*COLLECTED MATERIAL*
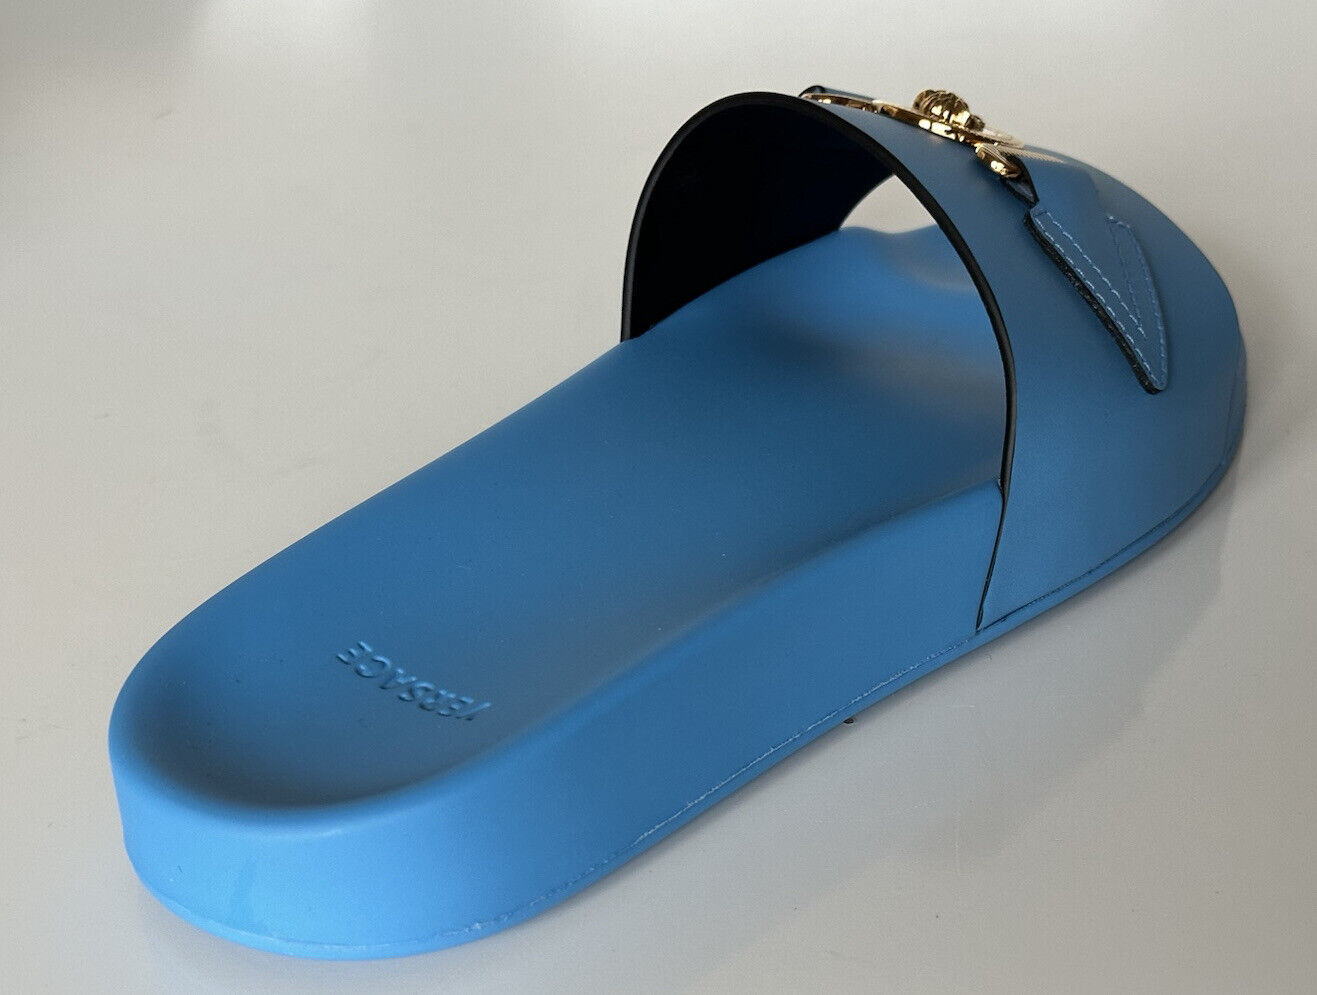 NIB $575 Versace Gold Medusa Leather/Rubber Sandals Blue 11.5 (44.5) 1004983 IT
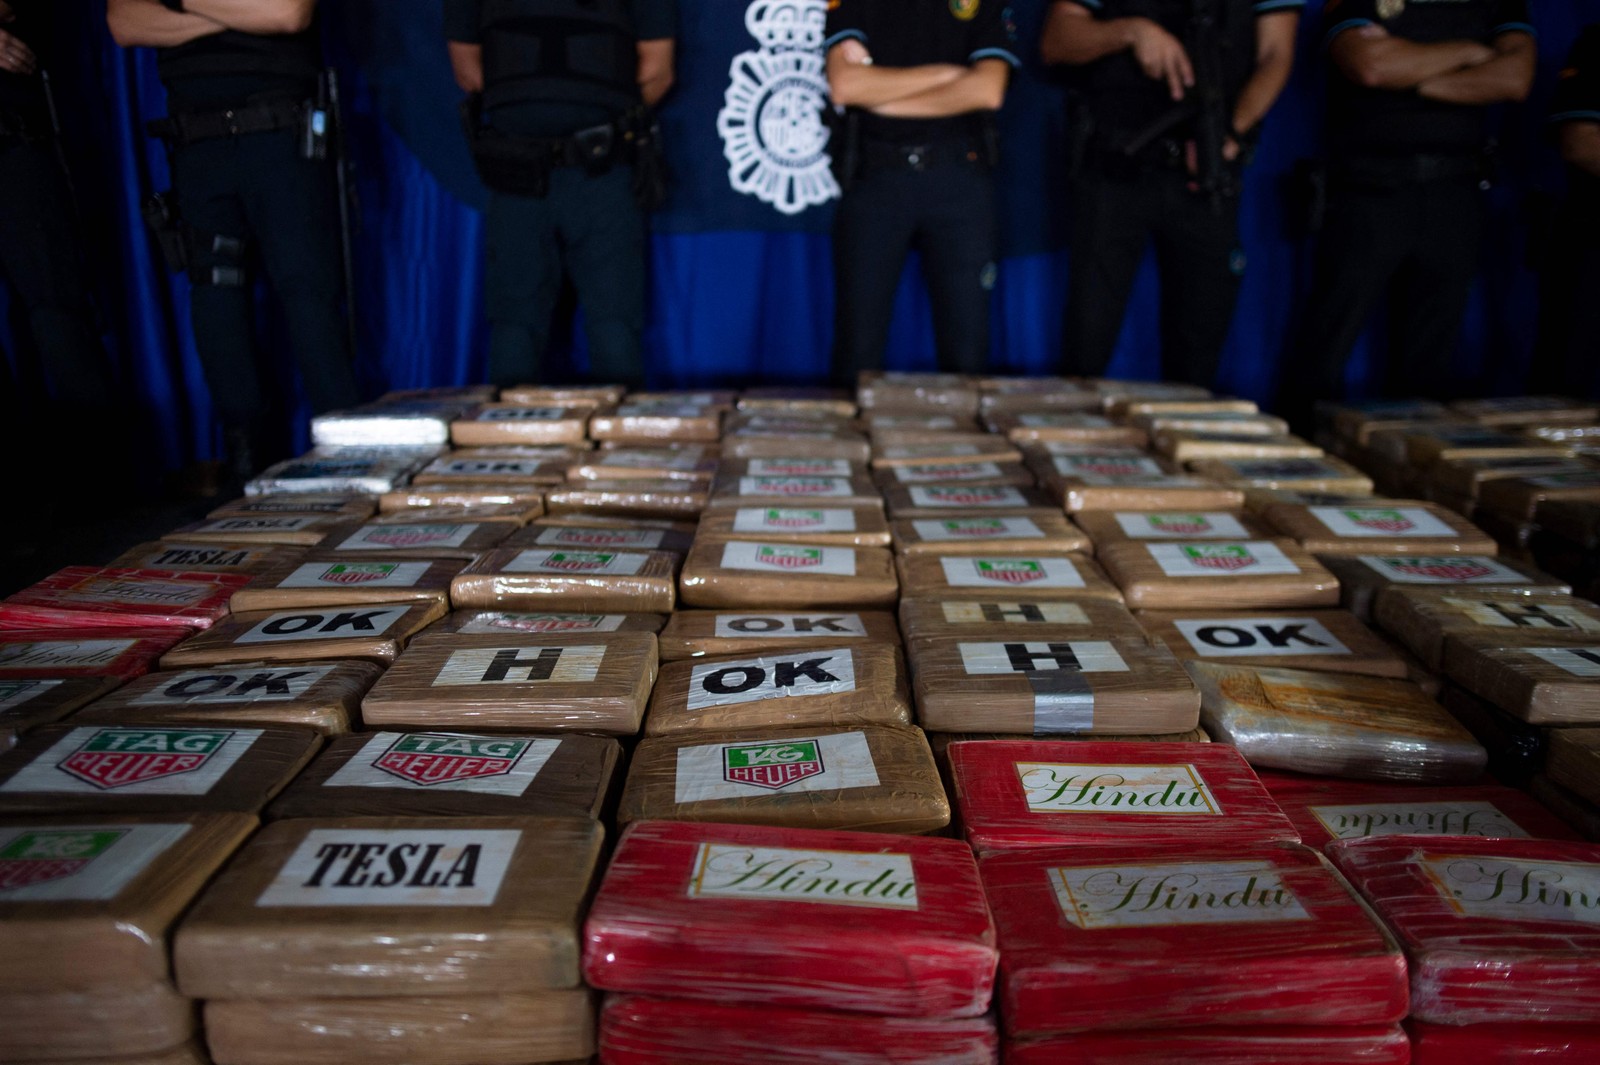 Nos últimos anos, o Equador tornou-se um ator-chave no comércio regional de cocaína — Foto: Jorge Guerrero / AFP
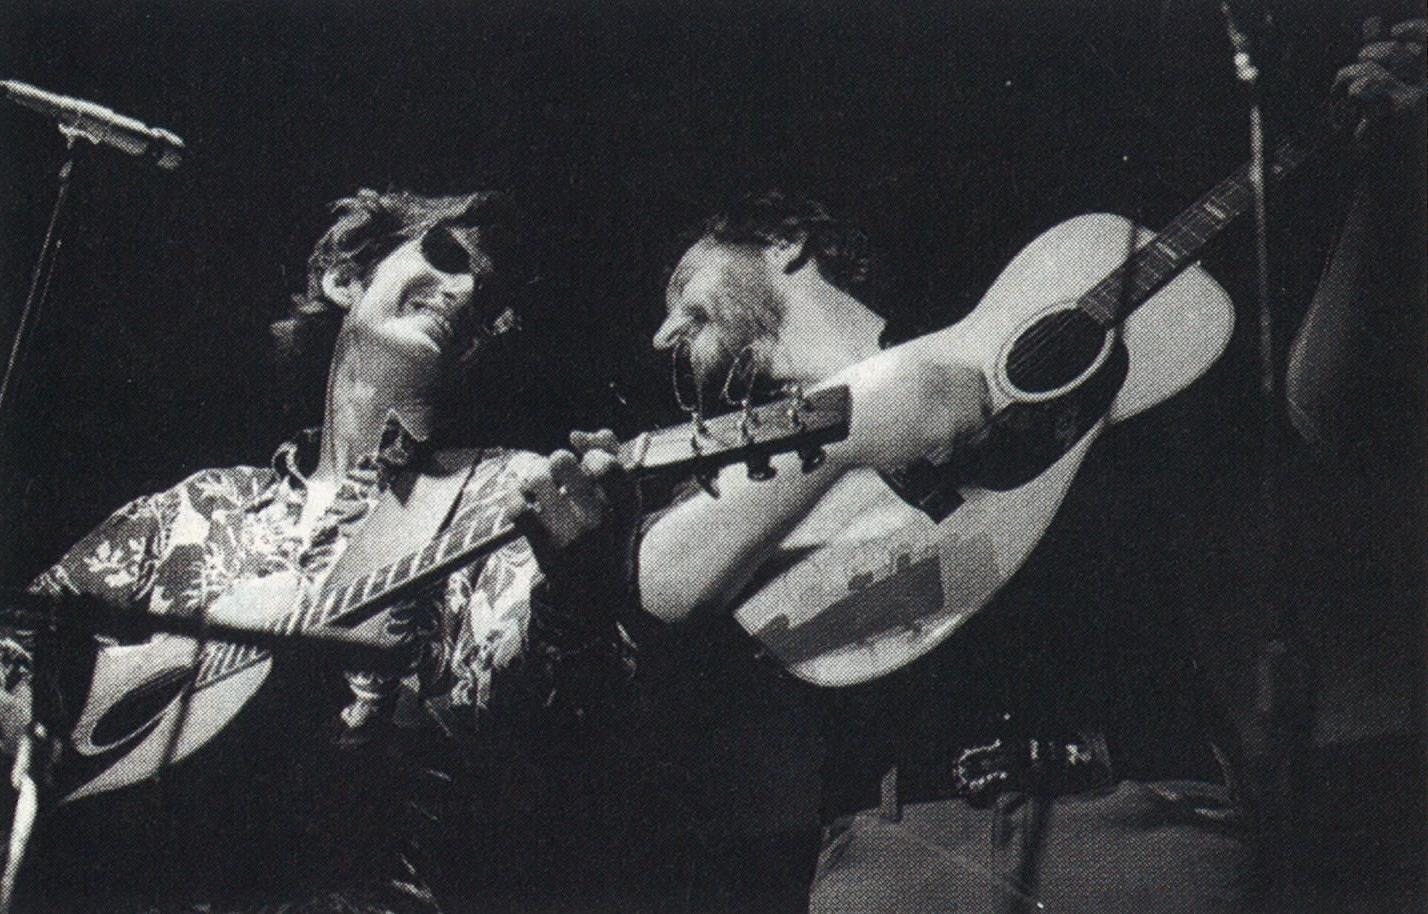 Townes Van Zandt jamming with fellow troubadour Jerry Jeff Walker in 1974.
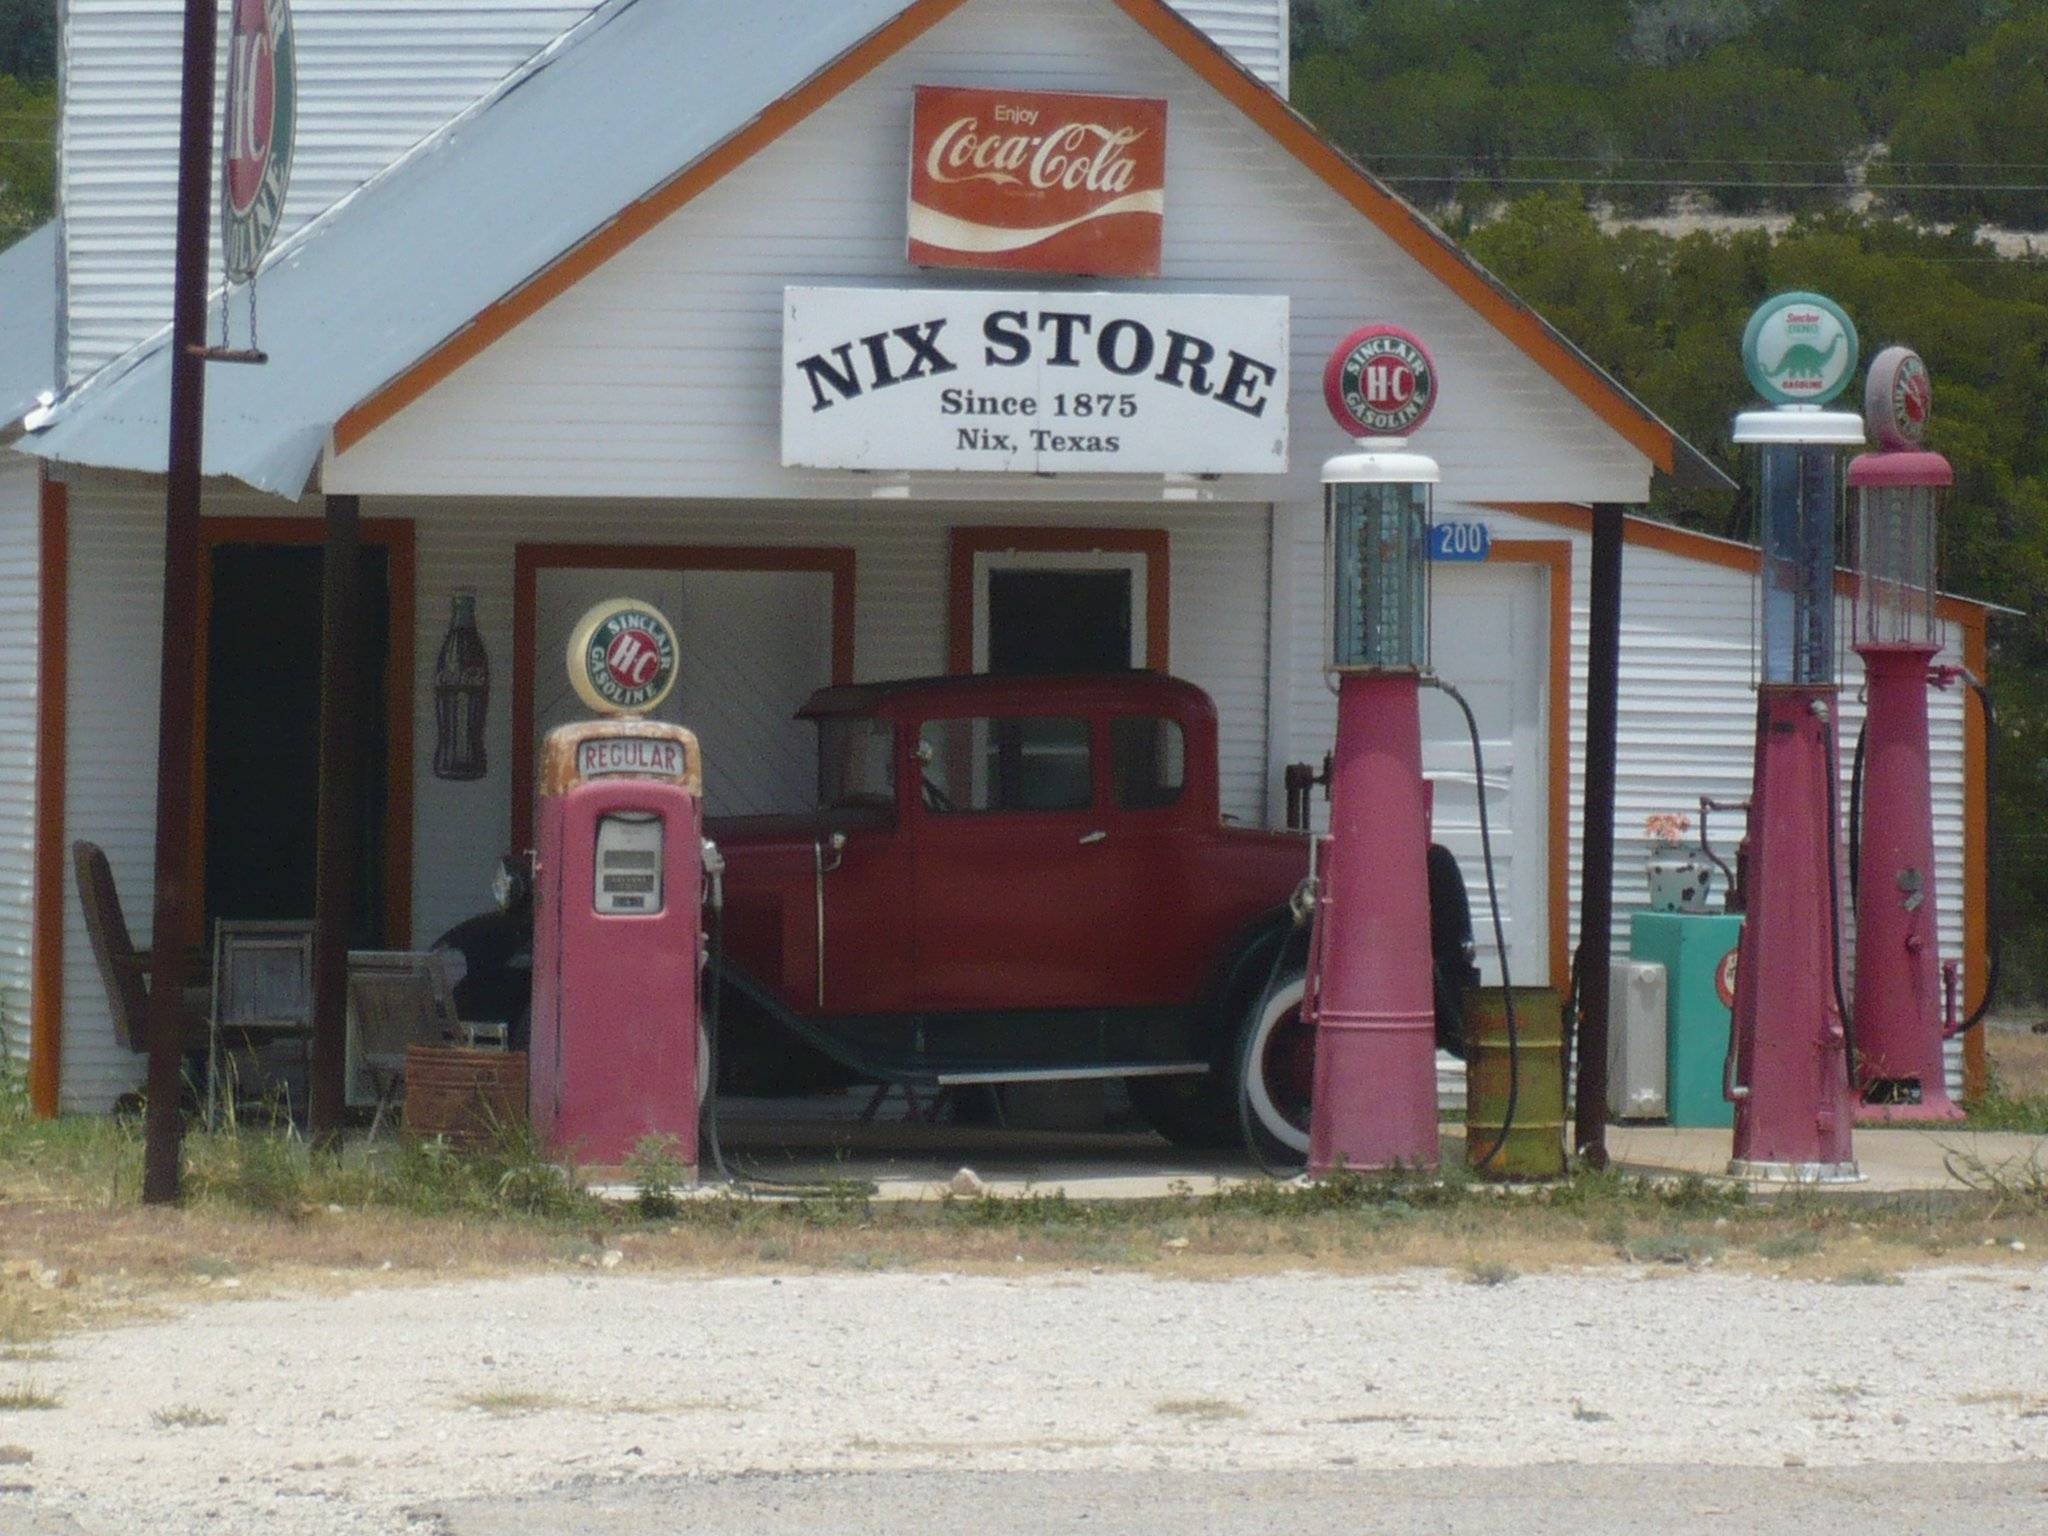 Il Nix Store dal 1875 in Texas...

*PROBLEM*
What's needed is a word-for-word retyping of the listing, minus its pictures.

*RESPONSE FOR THIS EXERCISE*
 NIB $575 Versace Gold Medusa Leather/Rubber Sandals Blue 11.5 (44.5) 1004983 IT
 Nos últimos anos, o Equador tornou-se um ator-chave no comércio regional de cocaína — Foto: Jorge Guerrero / AFP
 Townes Van Zandt jamming with fellow troubadour Jerry Jeff Walker in 1974.
 Il Nix Store dal 1875 in Texas...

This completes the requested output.